И в самом деле, он продолжал стоять в ожидании.
Поняв, что портной настроился ждать, и не осмеливаясь сказать ему, чтобы он перешел в комнату рядом, я решил, чего бы это мне ни стоило, на глазах у него встать с кровати; он быстрым взглядом окинул меня и, обернувшись к своему груму, сказал:
– Номер один: у милорда первый рост.
Грум вытащил из своего свертка полный костюм черного цвета. Портной примерил его на мне: костюм был сшит будто по мне и каким-то чудом соответствовал моему высокому росту. Затем, тут же сняв необходимые мерки, чтобы изготовить для меня целый гардероб, он удалился. Я проводил его до двери и поблагодарил за труды.
После этого я вернулся в спальню, горя желанием увидеть, насколько новый костюм изменил мой облик.

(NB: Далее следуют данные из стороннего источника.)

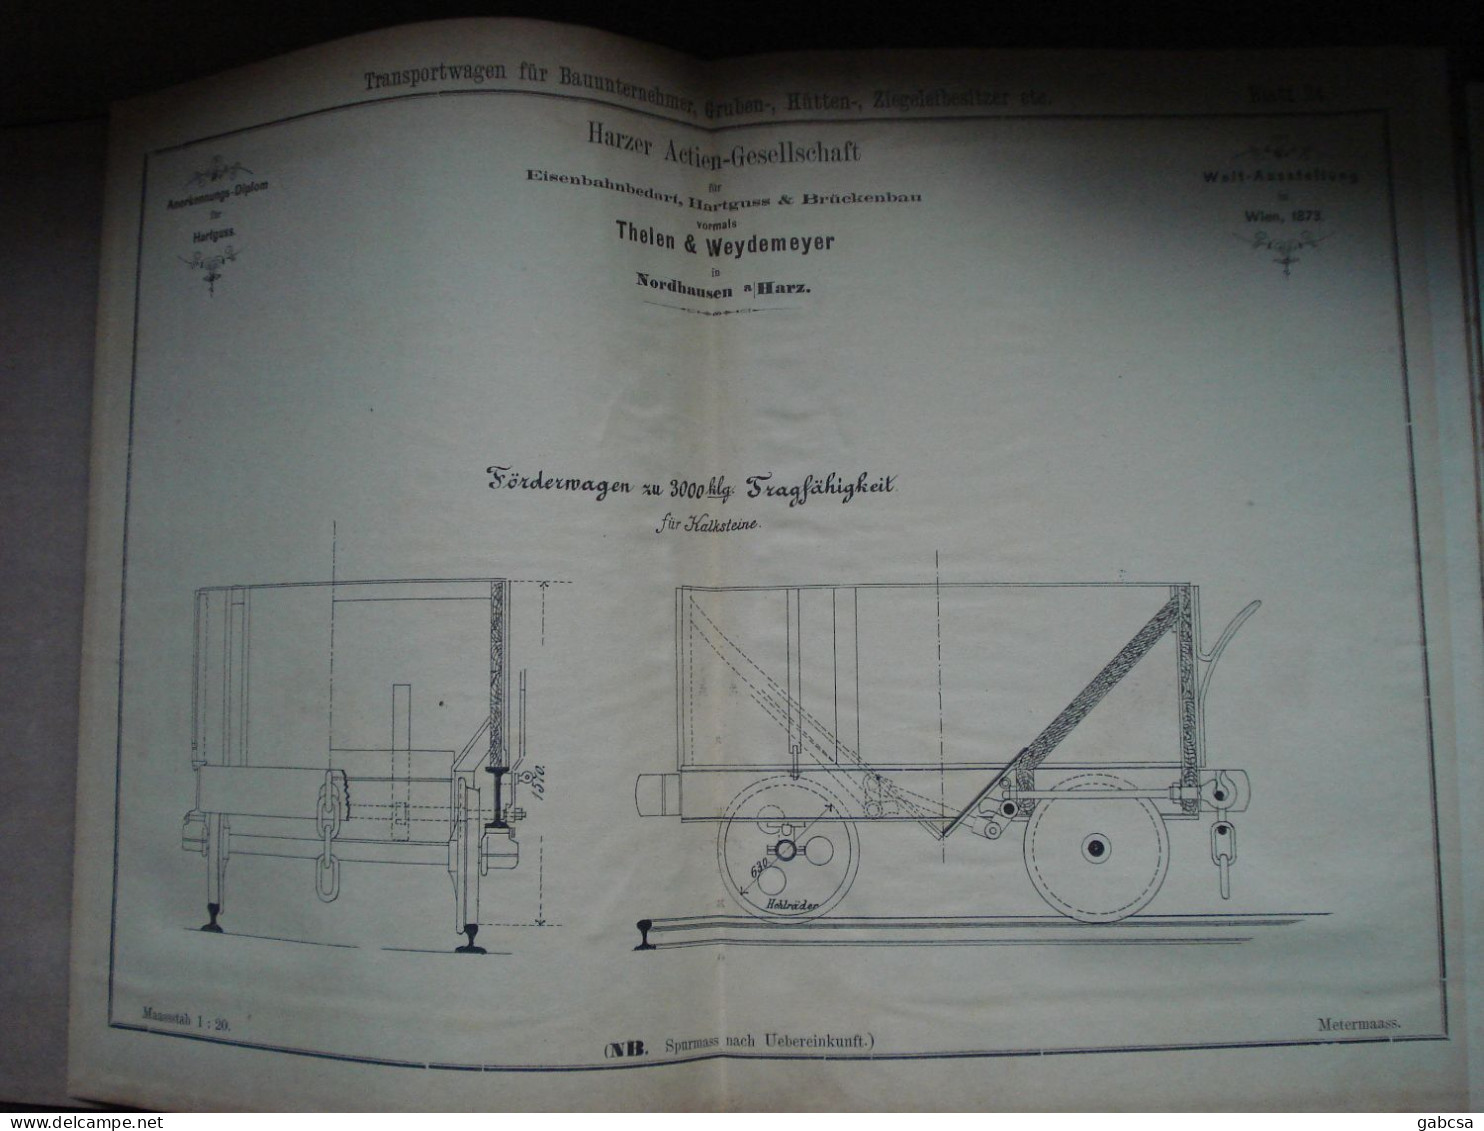 Rollwagen Plans 1872-73 Handmade "Kolos" And 18 Harzer Aktiengesellschaft Plan Printed In Book - Materiaal En Toebehoren

Меня просто нельзя было узнать, и я начал верить, что дядя прав и, если мне когда-нибудь удастся обуздать злосчастную застенчивость, являвшуюся причиной всех моих несчастий, я смогу стать таким же человеком, как любой другой.
Признаться, я испытывал немалое удовлетворение от этого осмотра, как вдруг в комнату ко мне вошел камердинер, за которым следовал какой-то джентльмен, одетый как на бал; не будучи готов к такому визиту вежливости, я чрезвычайно разволновался и не знал, следует ли мне броситься навстречу незнакомцу, но в эту минуту камердинер объявил:
"Ваш учитель танцев, сударь!"
Вошедший господин приблизился ко мне, проявив при этом безукоризненное изящество, затем снисходительно оглядел ученика, способности которого ему предстояло развивать, и, вперившись оценивающим взглядом в нижнюю часть моей особы, произнес:
"Очень рад, милорд, что меня выбрали для обучения такой красивой пары ног".
Я не привык слышать комплименты в адрес моей внешности, и эти слова окончательно привели меня в замешательство. Я хотел ответить ему и пробормотал что-то, а затем попытался сделать шаг, но так запутался, не сумев поставить одну за другой мои красивые ноги, вызвавшие восхищение у учителя танцев, что чуть было не растянулся во весь рост; однако он успел поддержать меня.
"Хорошо! – сказал он. – Хорошо! Вижу, у нас нет никакой подготовки. Тем лучше: нам не придется избавляться от дурных навыков".
"Дело в том, – ответил я, – что, за исключением чересчур сведенных внутрь коленей и мысков стоп, остальная часть тела, на мой взгляд, не лишена… я вполне… я…"
"Хорошо! Хорошо! – воскликнул радужно настроенный учитель танцев. – Я вижу, что у милорда затруднения с речью; тем лучше! Это доказывает, что способность мыслить переместилась у него в конечности. Будьте спокойны, милорд, мы ее разовьем, если она находится там, а если ее там нет, мы заставим ее спуститься туда. Что ж, милорд, начнем!"
Затрудняюсь рассказать, что происходило на том первом уроке, помню лишь, что глубокие знания математики необычайно помогали мне сохранять равновесие и удерживать центр тяжести во всех пяти основных позициях ног. Когда мои ступни освободились от орудия пытки, в котором им пришлось проходить обучение, они буквально отказывались нести мое тело, несмотря на всю его сухость, и я хромал на обе ноги, спускаясь в обеденный зал, где, как мне было сказано заранее, дядя ожидал меня к завтраку.
"А, вот и ты, Уильямс! – сказал он, осмотрев меня с ног до головы. – Клянусь, ты выглядишь настоящим денди; даже по твоим ногам видно, что ты был на уроке танца; только руки у тебя по-прежнему нескладные, но не беспокойся: несколько уроков фехтования, и это пройдет".
"Как, дядюшка, вы хотите, чтобы я научился обнажать шпагу? Но зачем?"
"Чтобы драться, если кто-то посмеется над тобой, черт возьми!"
Дрожь пробежала по всему моему телу.
"Неужели ты не храбр?"
"Не знаю, дядя, – ответил я, – просто мне никогда не приходилось думать об этом".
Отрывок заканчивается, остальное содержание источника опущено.